My husband and I began working with a therapist after he admitted that he had been sleeping with other women. Now we save up our problems throughout the week and take them to her on Tuesday evenings. When friends ask me if she’s any good, I say, “I guess so. I mean, we’re still married.”
Today I’ve asked to see her alone. I’m tired and jittery because I spent all night silently rehearsing how to tell her what I’m about to tell her.
I sit quietly in my chair, hands folded in my lap. She sits upright in the chair across from me. She wears a crisp white pantsuit, sensible heels, no makeup. A wooden bookshelf crowded with textbooks and framed degrees climbs the wall behind her like a bean stalk. Her pen is poised above a leather notebook in her lap, ready to pin me down in black and white. I remind myself: Speak calmly and confidently, Glennon, like a grown-up.
“I have something important to tell you. I’ve fallen in love. I am wildly in love. Her name is Abby.”
My therapist’s mouth falls open, just enough for me to notice it. She says nothing for an eternal moment. Then she breathes very deeply and says, “Okay.”
She pauses, starts again. “Glennon, you know that whatever this is—it’s not real. These feelings are not real. Whatever future you’re imagining here: That’s not real, either. This is nothing but a dangerous distraction. It won’t end well. It has to stop.”
I start to say, “You don’t understand. This is different.” But then I think about all the people who have sat in this chair and insisted: This is different.
If she won’t let me have Abby, I need to make my case, at least, for never again having my husband.
“I cannot sleep with him again,” I say. “You know how hard I’ve tried. Sometimes I think I’ve forgiven. But then he climbs on top of me, and I hate him again. It’s been years and I don’t want to be difficult, so I close my eyes and try to float away until it’s over. But then I accidentally land back inside my body, and what I land in is white-hot fiery rage. It’s like: I try to go dead inside but there is always a little life left in me, and that life makes sex unbearable. I can’t be alive during sex, but I can’t get dead enough, either, so there’s no solution. I just—I don’t want to do it anymore.”
I am furious that tears come, but they do. I am begging now. Mercy, please.
Two women. One white suit. Six framed degrees. One open notebook. One pen, poised.
Then: “Glennon, have you tried just giving him blow jobs instead? Many women find blow jobs to be less intimate.”

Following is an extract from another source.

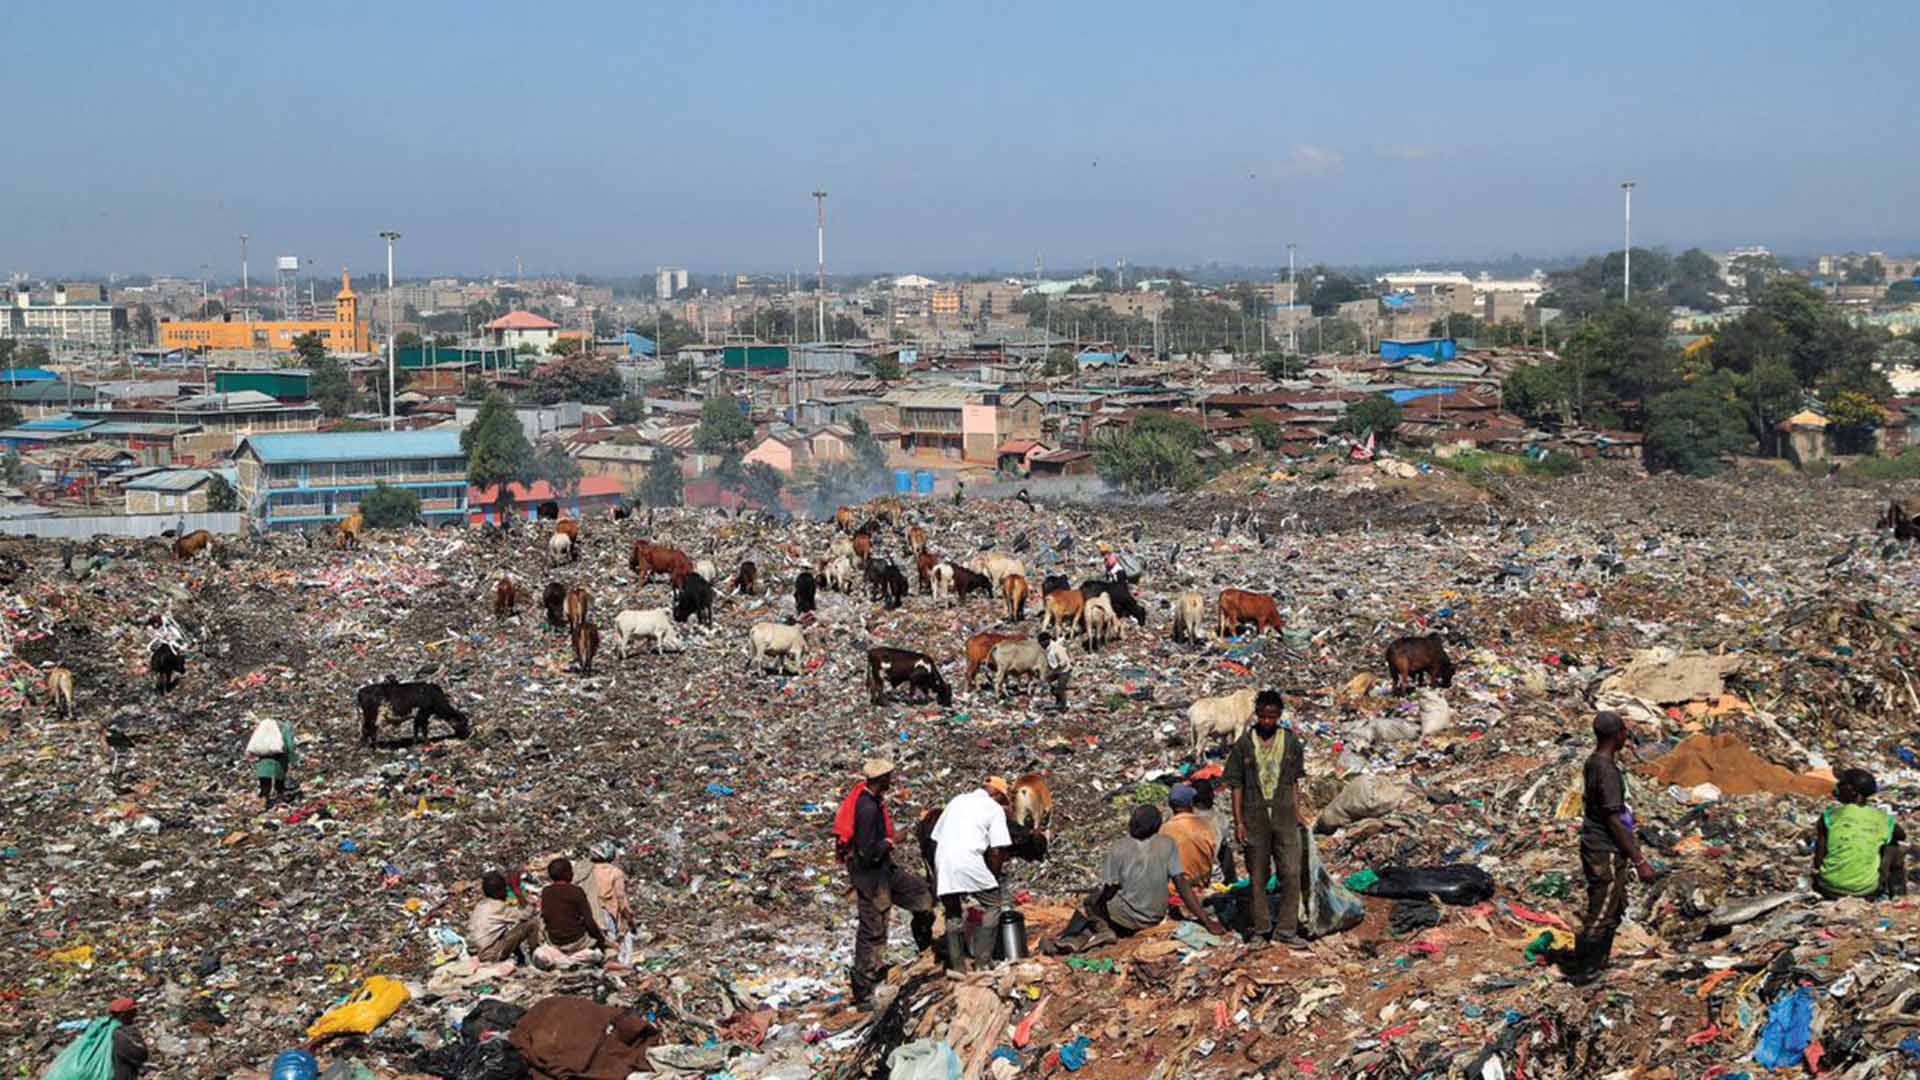 Dandora landfill in Nairobi, Kenya, where much of the waste in the landfill is plastic

I have a son and two daughters, until they tell me otherwise.
My children believe that the shower is a magical portal of ideas.
My youngest recently said to me, “Mom, it’s like I don’t have any ideas all day, but when I get in the shower my brain is full of cool stuff. I think it’s the water or something.”
“Could be the water,” I said. “Or it could be that the shower’s the only place you’re not plugged in—so you can hear your own thoughts in there.”
She looked at me and said, “Huh?”
“That thing that happens to you in the shower, babe. It’s called thinking. It’s something folks did before Google. Thinking is like…it’s like googling your own brain.”
“Oh,” she said. “Cool.”
That same child steals my expensive shampoo once a week, so the other day I stomped to the bathroom she shares with her teenage brother and sister to steal it back. I opened the shower curtain and noticed the twelve empty bottles littering the tub’s edge. All the bottles on the right side were red, white, and blue. All the bottles on the left side were pink and purple.
I picked up a red bottle from what was clearly my son’s side. It was tall, rectangular, bulky. It yelled at me in bold red, white, and blue letters:
3X BIGGER,
DOESN’T ROB YOU OF YOUR DIGNITY,
ARMOR UP IN MAN SCENT,
DROP-KICK DIRT, THEN SLAM ODOR WITH A FOLDING CHAIR.
I thought: What the hell? Is my son taking a shower or preparing for war in here?
I picked up one of the girls’ slim, metallic, pink bottles. Instead of barking marching orders at me, that bottle, in cursive, flowy font, whispered disconnected adjectives: alluring, radiant, gentle, pure, illuminating, enticing, touchable, light, creamy. Not a verb to be found. Nothing to do here, just a list of things to be.
I looked around for a moment to ensure that the shower was not, in fact, a magic portal that had somehow transported me back in time. Nope. There I was, in the twenty-first century, when boys are still being taught that real men are big, bold, violent, invulnerable, disgusted by femininity, and responsible for conquering women and the world. When girls are still being taught that real women must be quiet, pretty, small, passive, and desirable so they’ll be worthy of being conquered. Here we all are. Our sons and daughters are still being shamed out of their full humanity before they even get dressed in the morning.
Our children are too vast to fit themselves inside these rigid, mass-produced bottles. But they’ll lose themselves trying.